Emerging Objects

Building a simple object system out of closures

Object-oriented programming and functional programming imply each other. While encoding closures as objects is a well-known technique (see the command pattern, and e.g. Functors in C++), using closures to implement objects is a bit more unusual.

In this post, I will explore creating a simple object system in JavaScript, using only the functional parts.

Closures

A closure is a function that has access to the variables in the surrounding scope. For example, methods in Java have access to member variables:

class Foo {
  final int variable;

  public Foo(int x) {
    this.variable = x + 2;
  }

  int closure() {
    return var;
  }
}

...

Foo gimme12 = new Foo(10);
Foo gimme42 = new Foo(40);

System.out.println(gimme12.closure());  // 12
System.out.println(gimme42.closure());  // 42

So the closure method is a closure. In JavaScript, we can nest functions. There, an inner function has access to all the variables of the outer function:

function Foo(x) {
  var variable = x + 2;
  function closure() { return variable }
  return closure;
}

var gimme12 = Foo(10);
var gimme42 = Foo(40);

console.log(gimme12()); // 12
console.log(gimme42()); // 42

In that code example, we defined an inner function and returned that inner function. When we call the inner function, it has access to the variable it was defined under. The gimme12 closure was defined when variable = 12, and calling Foo(40) didn't change that: Each time Foo is executed, we get a new variable, so each closure was defined in the context of a different variable.

Closures as data structures

So we've seen that we can put data inside a function, and get it out again by using a closure over that data. This allows us to write simple (and later less simple) data structures.

Let's implement a Pair(x, y) constructor, which returns some opaque value. The function head(pair) will return the first element, the function tail(pair) will return the second element.

The simplest solution is to put x and y into an array, and have head and tail access the appropriate item in that array:

function Pair(x, y) {
  return [x, y];
}

function head(pair) { return pair[0] }
function tail(pair) { return pair[1] }

var first_pair = Pair(7, 11);
var second_pair = Pair("foo", "bar");

console.log(head(first_pair));  // 7
console.log(tail(second_pair)); // "bar"
console.log(tail(first_pair));  // 11

But we can do this without using an array! The trickery is that the value returned by Pair is a closure over the values of the pair. All that head and tail do is call that closure with an agreed-upon key to get a value back:

function Pair(x, y) {
  // return a closure
  return function (i) {
    if (i == 0)
      return x;
    else
      return y;
  };
}

function head(pair) { return pair(0) }
function tail(pair) { return pair(1) }

var first_pair = Pair(7, 11);
var second_pair = Pair("foo", "bar");

console.log(head(first_pair));  // 7
console.log(tail(second_pair)); // "bar"
console.log(tail(first_pair));  // 11

Of course, once we have pairs, we can build virtually any data structure from that (see Lisp for inspiration…).
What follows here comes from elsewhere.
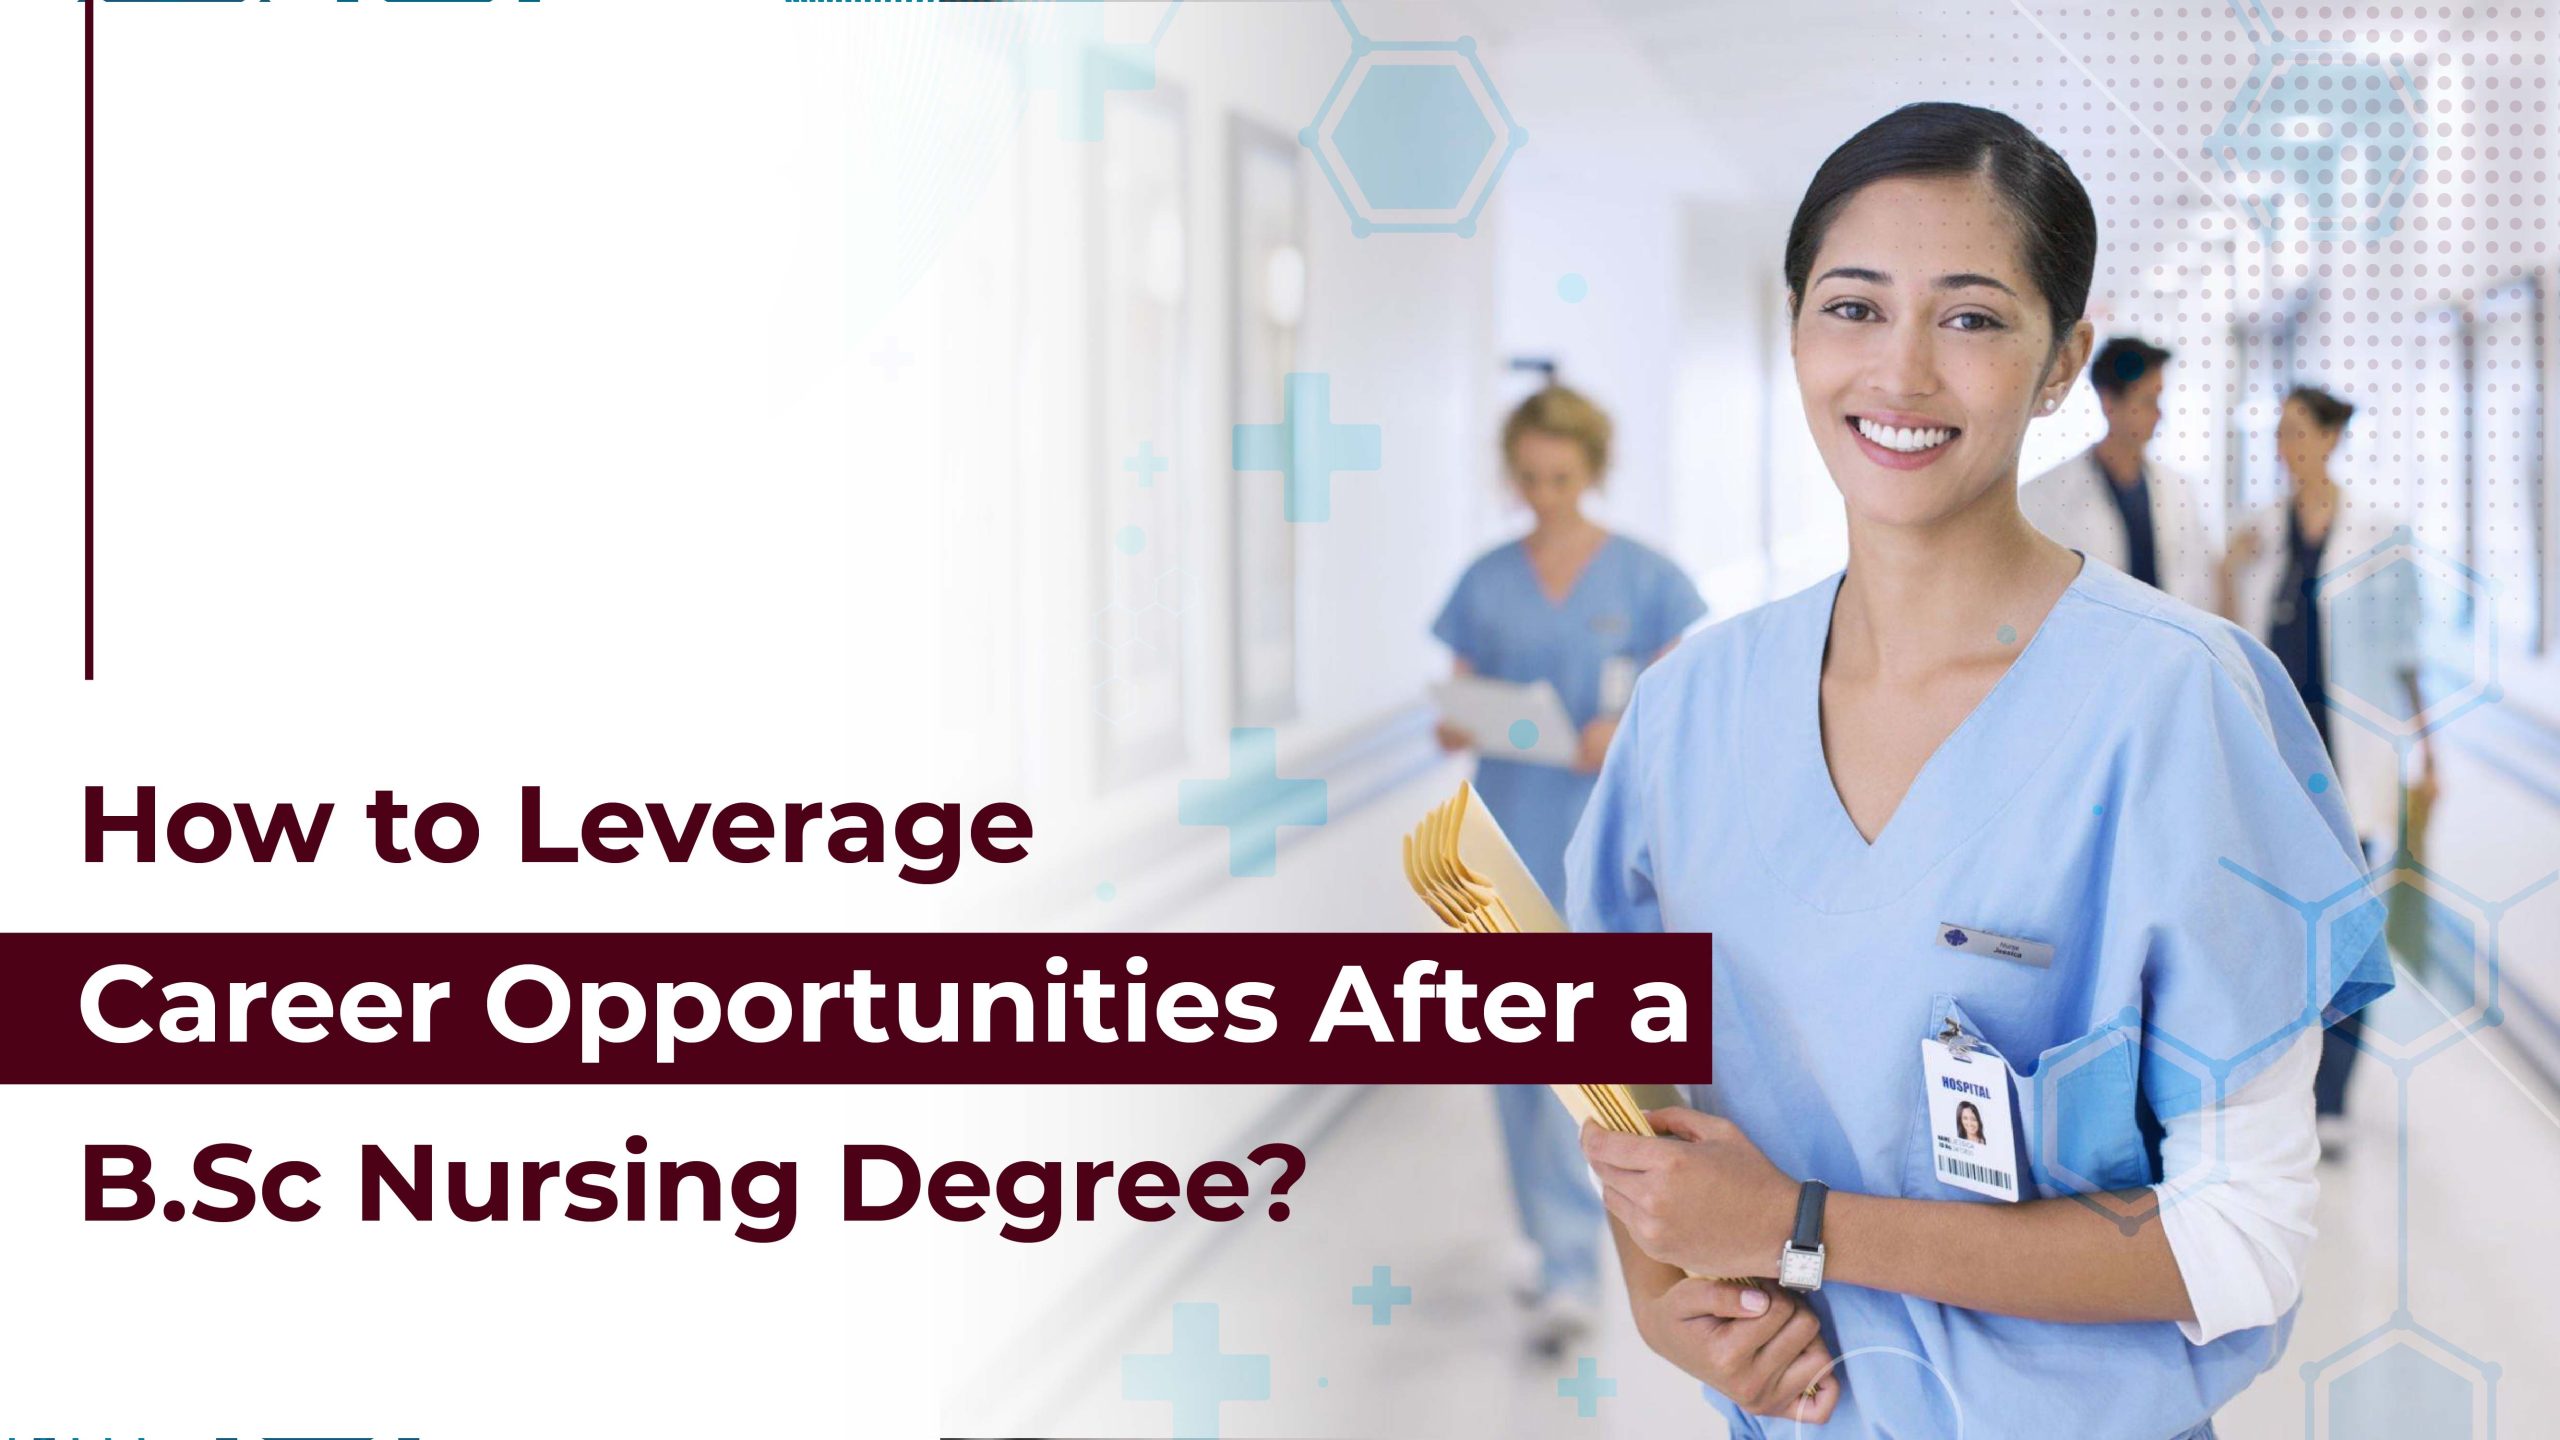 How to Leverage Career Opportunities After a B.Sc Nursing Degree?

In the above code, we used two external functions head and tail to interface with the closure. However, we could have also made that closure part of the public interface. Let's say that when passed the string "head", it will return the first element, and the second element when passed the string "tail":

function Pair(x, y) {
  return function (key) {
    switch (key) {
      case "head":
        return x;
      case "tail":
        return y;
      default:
        throw "Unknown key \"" + key + "\"";
    }
  };
}

var first_pair = Pair(7, 11);
var second_pair = Pair("foo", "bar");

console.log(first_pair("head"));  // 7
console.log(second_pair("tail")); // "bar"
console.log(first_pair("tail"));  // 11

So, we can ask the closure for some piece of data. It will either respond to that data, or throw an error if it can't handle the request. We've kinda already invented methods here.

Methods

Until now, we have used a closure to map keys to closed over variables. We can also use this closure to return other closures. These closures will also remember their environment and therefore have access to all variables in their scope.

Now instead of a Pair, let's look at a 3D Vector as an example. First, we write a simple constructor as with the Pair example that returns a closure which lets us access the fields:

function Vector(x, y, z) {
  return function(key) {
    switch (key) {
      case "x": return x;
      case "y": return y;
      case "z": return z;
      case "as-string":
        return "(" + x + ", " + y + ", " + z + ")";
      default:
        throw "Unknown key \"" + key + "\"";
    }
  };
}

var v = Vector(1, 2, 3);
console.log("The Vector v=" + v("as-string") +
            " has an y-component of y=" + v("y"));

As an added bonus, this here has an as-string-property which gets calculated on the fly.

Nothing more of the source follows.